The initial condition is a given value of y at a specific value of x (often y(0) = some value). This condition allows us to determine the specific value of the constant A. Let's assume the initial condition is y(0) = 2:

2 = ±Ae^(0³/3) = ±A

Therefore, A = 2 (we'll choose the positive solution for simplicity). Our final solution becomes:

y = 2e^(x³/3)

Examples: Illustrating the Process

Let's work through a few more examples to solidify our understanding.

Example 1:

Solve the differential equation dy/dx = 2xy, subject to the initial condition y(0) = 1.

1. Separate variables: (1/y) dy = 2x dx

2. Integrate: ∫(1/y) dy = ∫2x dx => ln|y| = x² + C

3. Solve for y: |y| = e^(x² + C) = Ae^(x²)

4. Apply initial condition: 1 = Ae^(0²) => A = 1

Solution: y = e^(x²)

Example 2:

Solve the differential equation dy/dx = (1+y²)/(1+x²), subject to the initial condition y(0) = 1.

1. Separate variables: (1/(1+y²)) dy = (1/(1+x²)) dx

2. Integrate: ∫(1/(1+y²)) dy = ∫(1/(1+x²)) dx => arctan(y) = arctan(x) + C

3. Solve for y: y = tan(arctan(x) + C)

4. Apply initial condition: 1 = tan(arctan(0) + C) => 1 = tan(C) => C = π/4

Solution: y = tan(arctan(x) + π/4)

Example 3: A slightly more complex scenario

Solve the differential equation (x²+1)dy/dx = xy², subject to the initial condition y(0) = 1.

1. Separate variables: (1/y²) dy = x/(x²+1) dx

2. Integrate: ∫y⁻² dy = ∫x/(x²+1) dx. Notice that the integral on the right is best approached using substitution. Let u = x² + 1, then du = 2x dx. This gives:

∫y⁻² dy = (1/2)∫(1/u) du

This yields: -1/y = (1/2)ln|x²+1| + C

3. Solve for y: -1/y = (1/2)ln(x²+1) + C => y = -1/((1/2)ln(x²+1) + C)

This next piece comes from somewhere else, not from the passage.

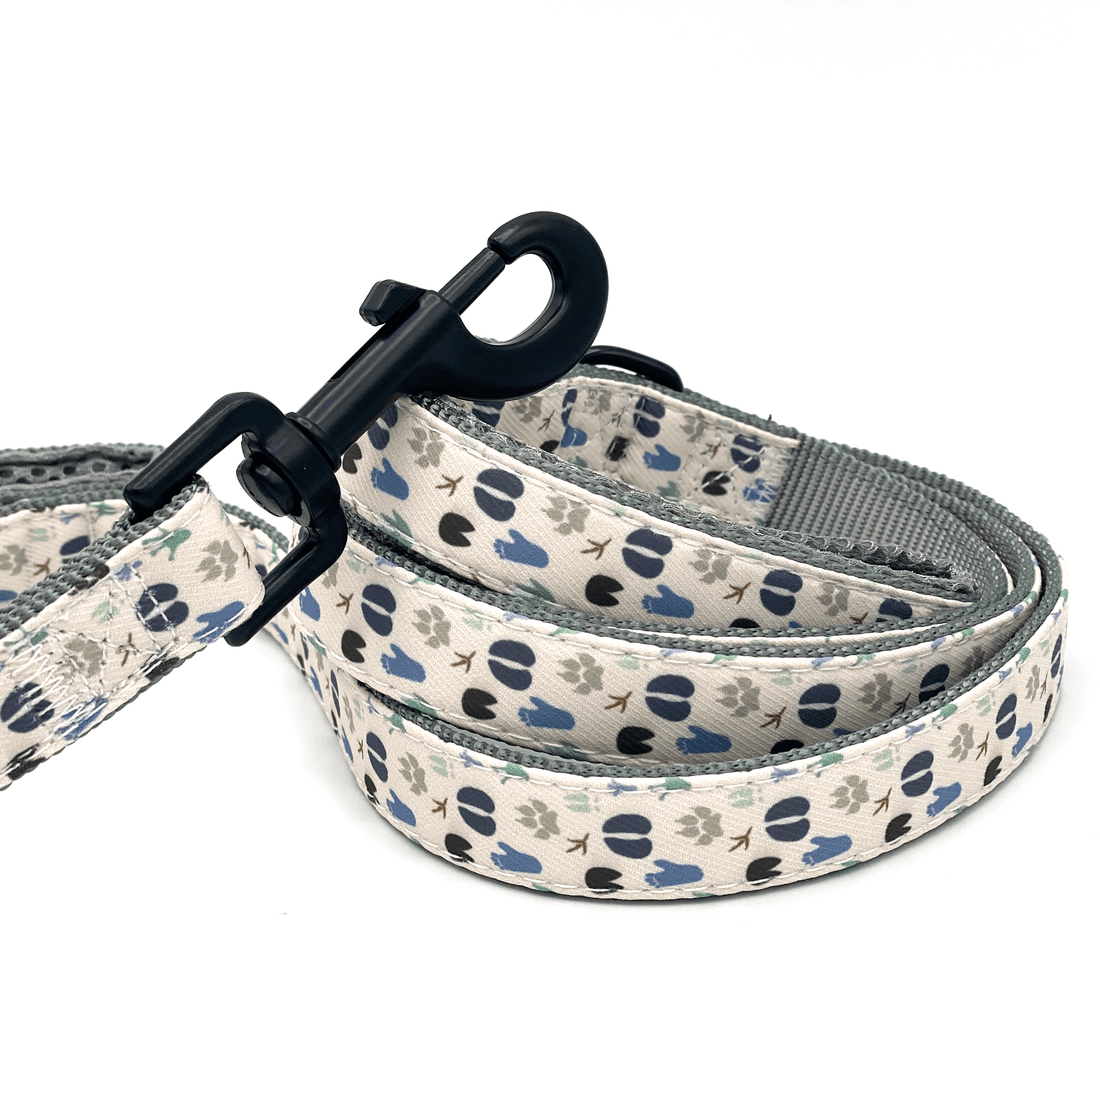 a dog leash with natural colored paw prints of varying animals

4. Apply initial condition: 1 = -1/((1/2)ln(1) + C) => 1 = -1/C => C = -1

Solution: y = -1/((1/2)ln(x²+1) - 1)

Handling Different Initial Conditions

The initial condition can appear in various forms, such as y(a) = b, where 'a' and 'b' are constants. The method remains the same; substitute the values of x = a and y = b into the general solution to find the value of the integration constant C.

Common Mistakes to Avoid

• Forgetting the constant of integration: This is a crucial step. Without the constant of integration, your solution will not be general enough and may not satisfy the initial condition.
• Incorrect separation of variables: Ensure you correctly isolate the terms involving x and y. Any mistakes here will propagate through the rest of the solution.
• Errors in integration: Double-check your integration techniques. Incorrect integration will lead to an incorrect solution.
• Algebraic mistakes: Carefully perform the algebraic manipulations involved in solving for y and applying the initial condition.

Conclusion

Solving separable differential equations with initial conditions is a fundamental skill in calculus and its applications. By mastering the step-by-step process outlined in this guide, you'll be equipped to tackle a wide range of problems and gain a deeper understanding of this important class of differential equations. Remember to practice regularly, work through various examples, and pay close attention to detail to avoid common mistakes. With consistent practice, you'll develop confidence and proficiency in solving these equations. This understanding forms a strong base for tackling more complex differential equations in the future.